**What the task requires**: An exact copy is all that is wanted: the lines from the one with "Spizz Restaurant - Cafe" through the end of the listing below, both included, minus any pictures.

**Data**:
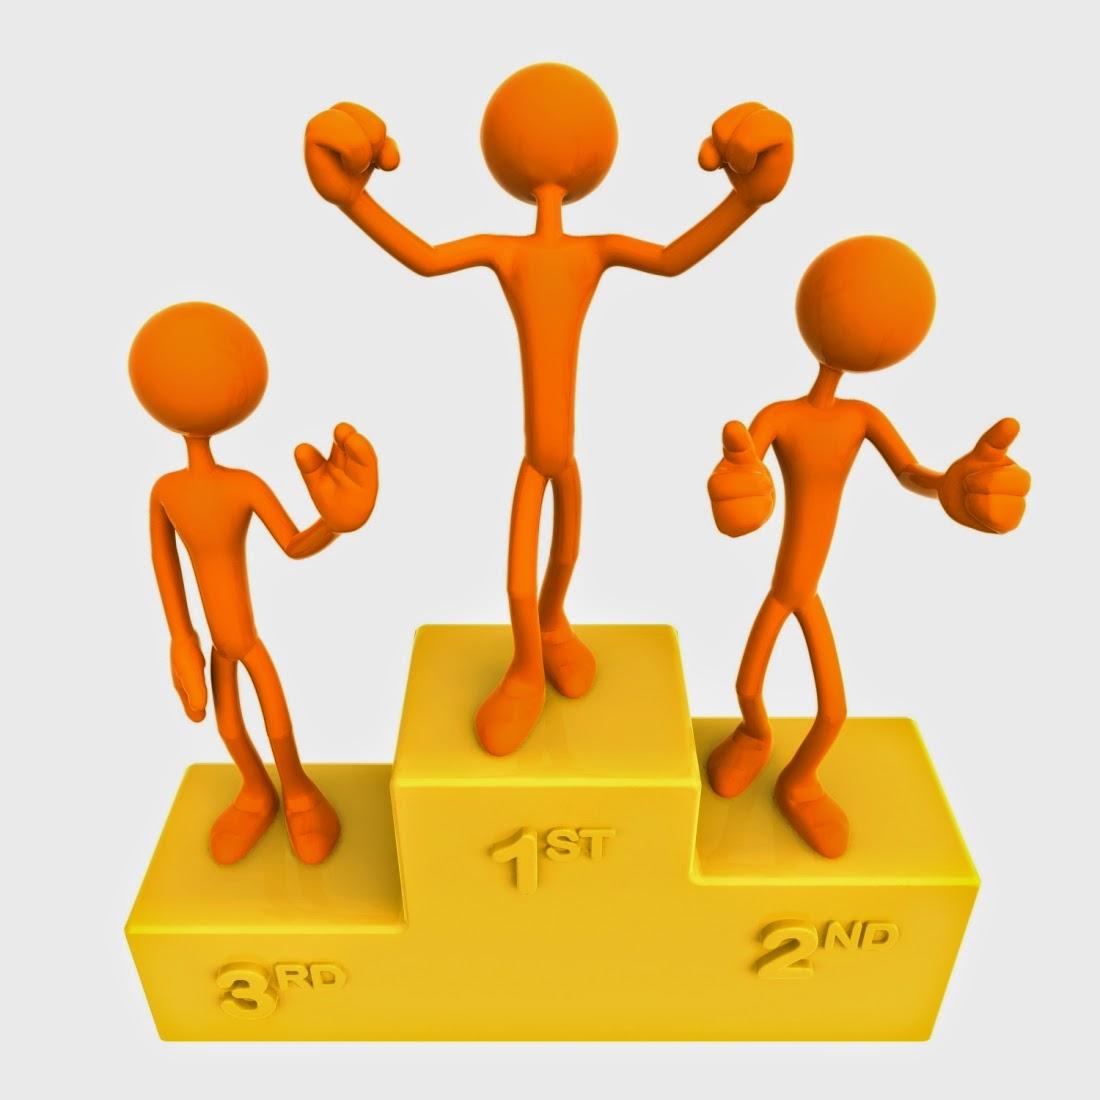 Конкурсы для сотрудников внутри компаний
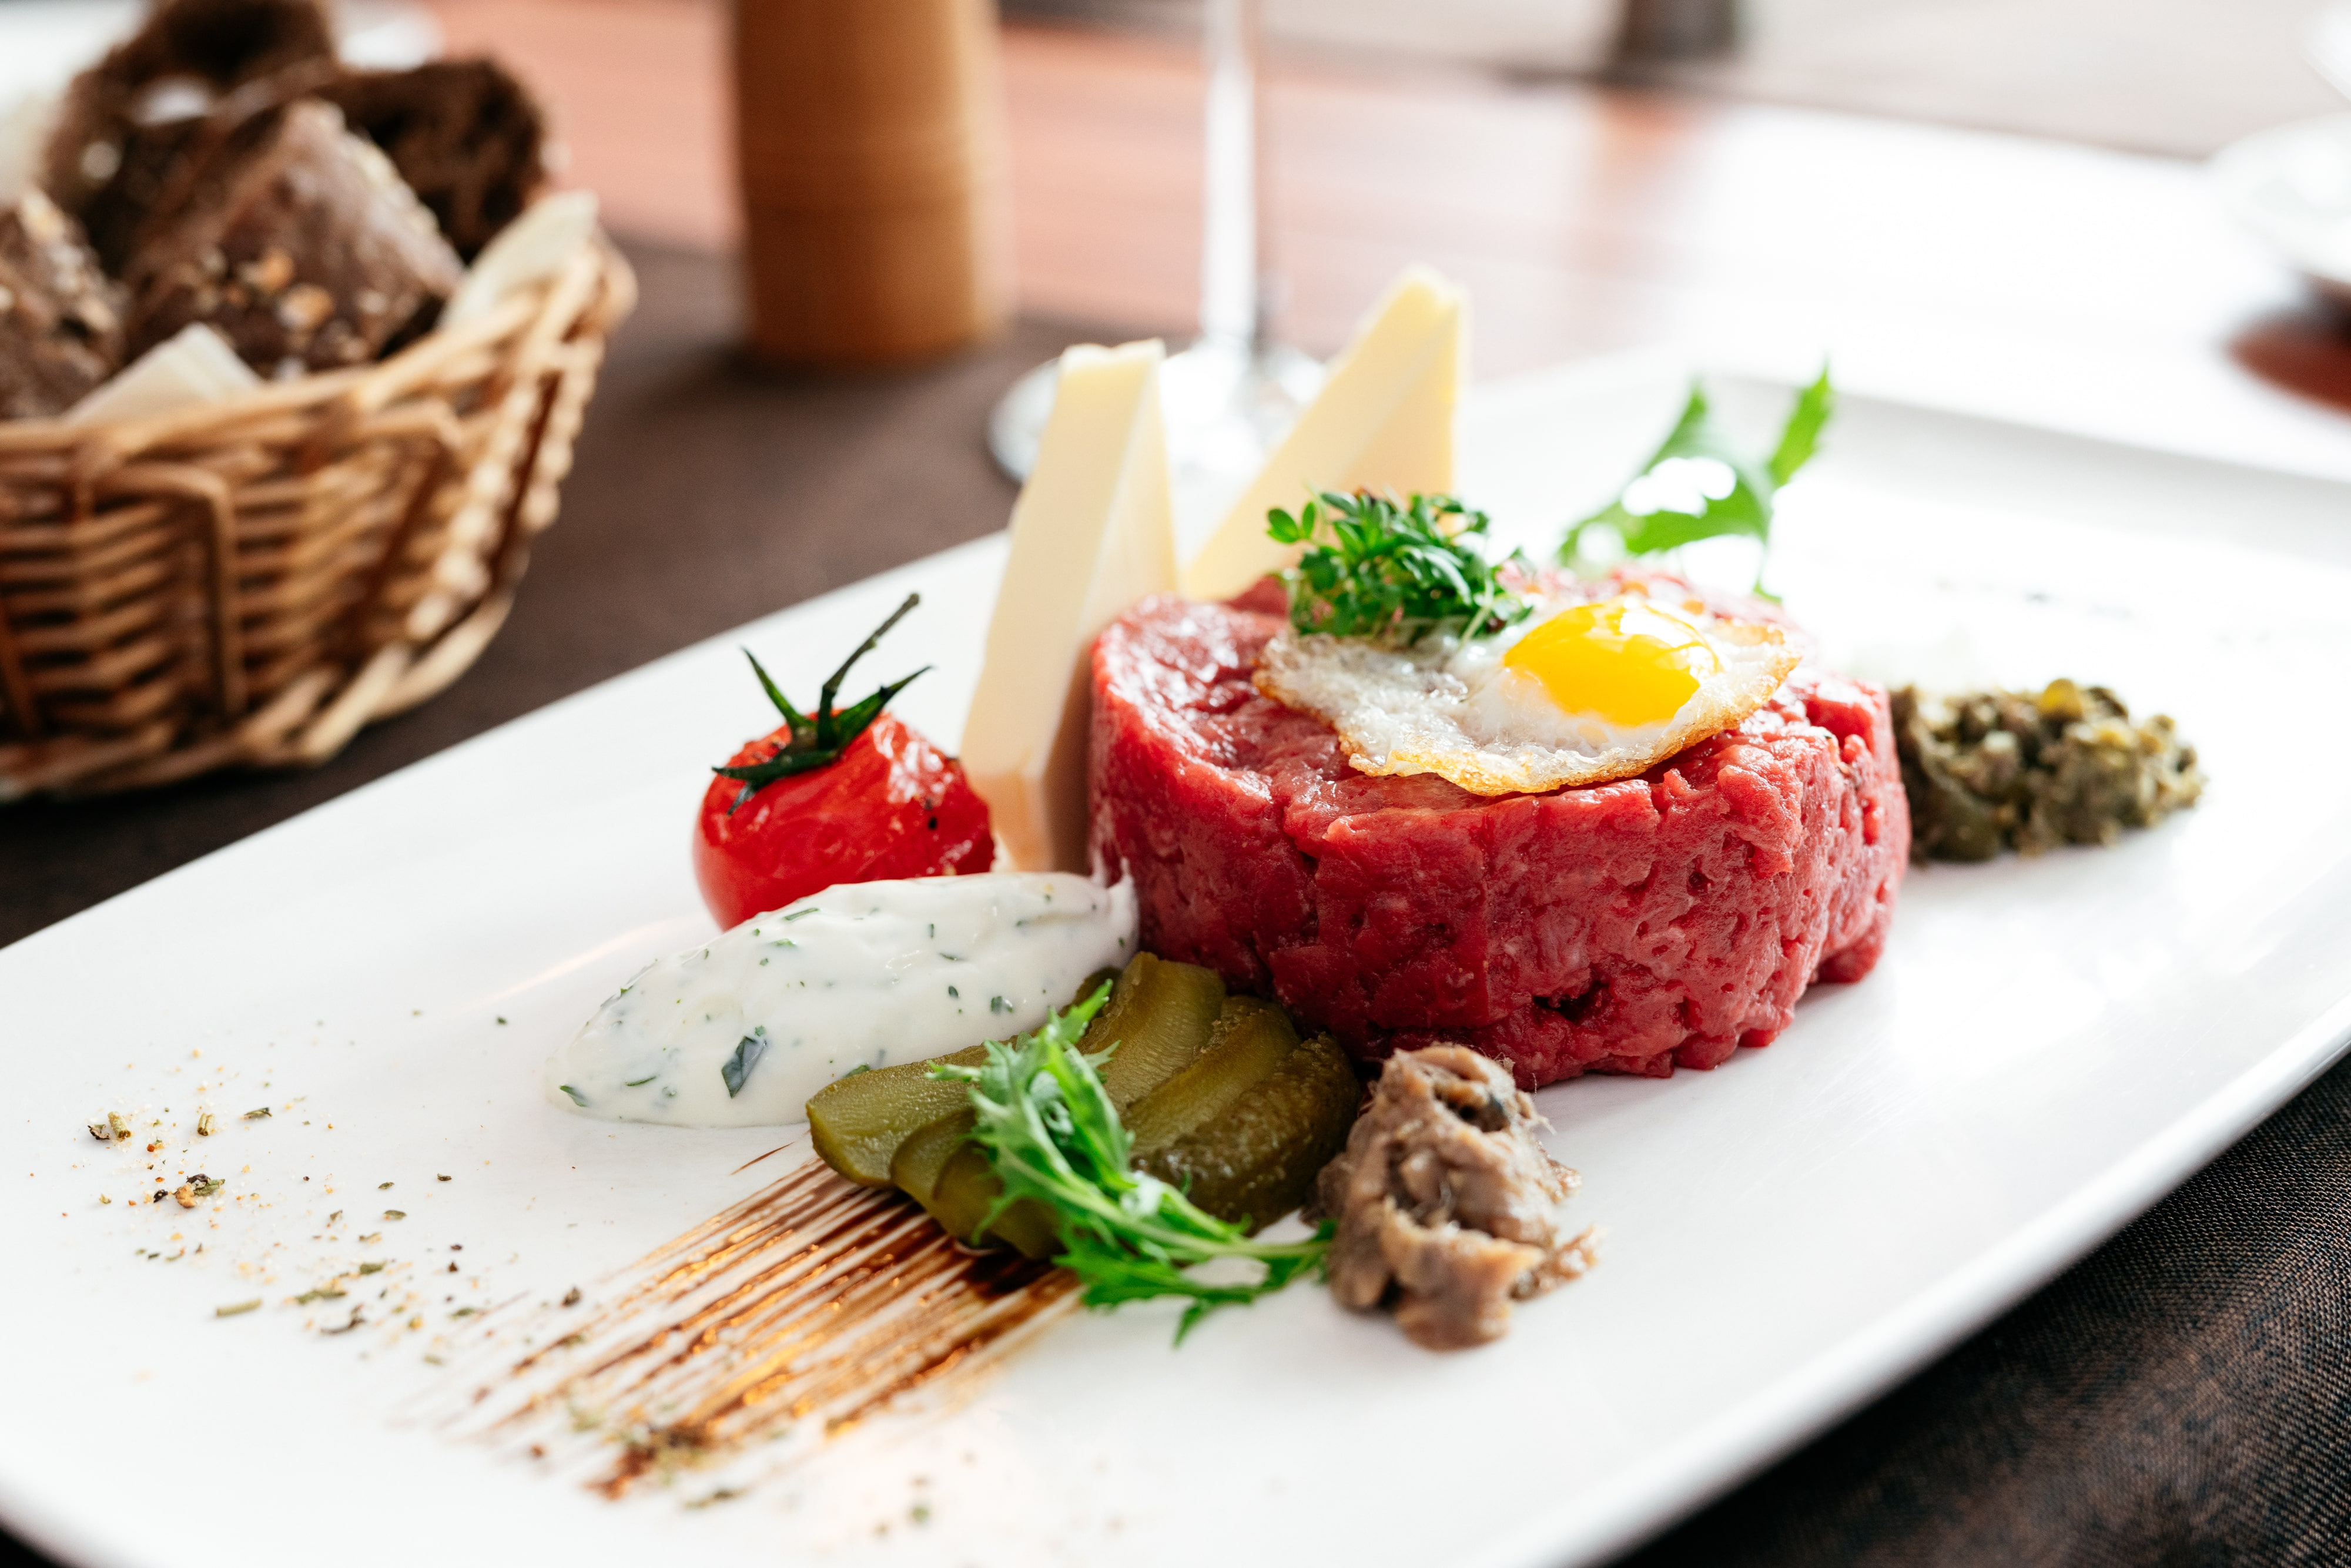 Spizz Restaurant - Cafe & Bar in 01309, Dresden
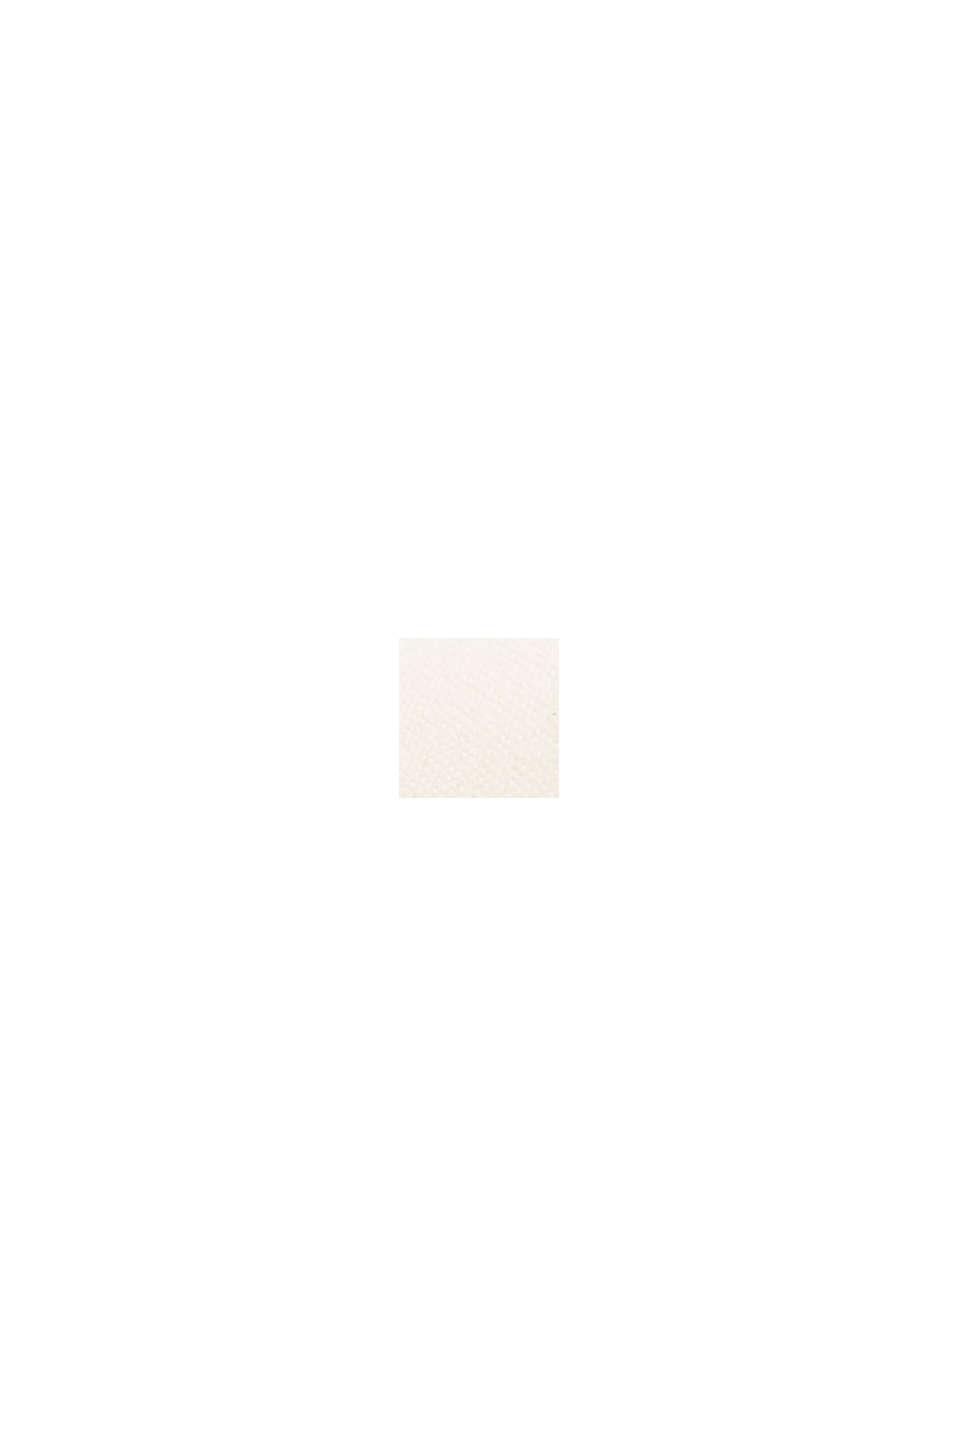 Espadriller med rem i bomull, OFF WHITE, swatch

**Expected answer**:
 Spizz Restaurant - Cafe & Bar in 01309, Dresden
 Espadriller med rem i bomull, OFF WHITE, swatch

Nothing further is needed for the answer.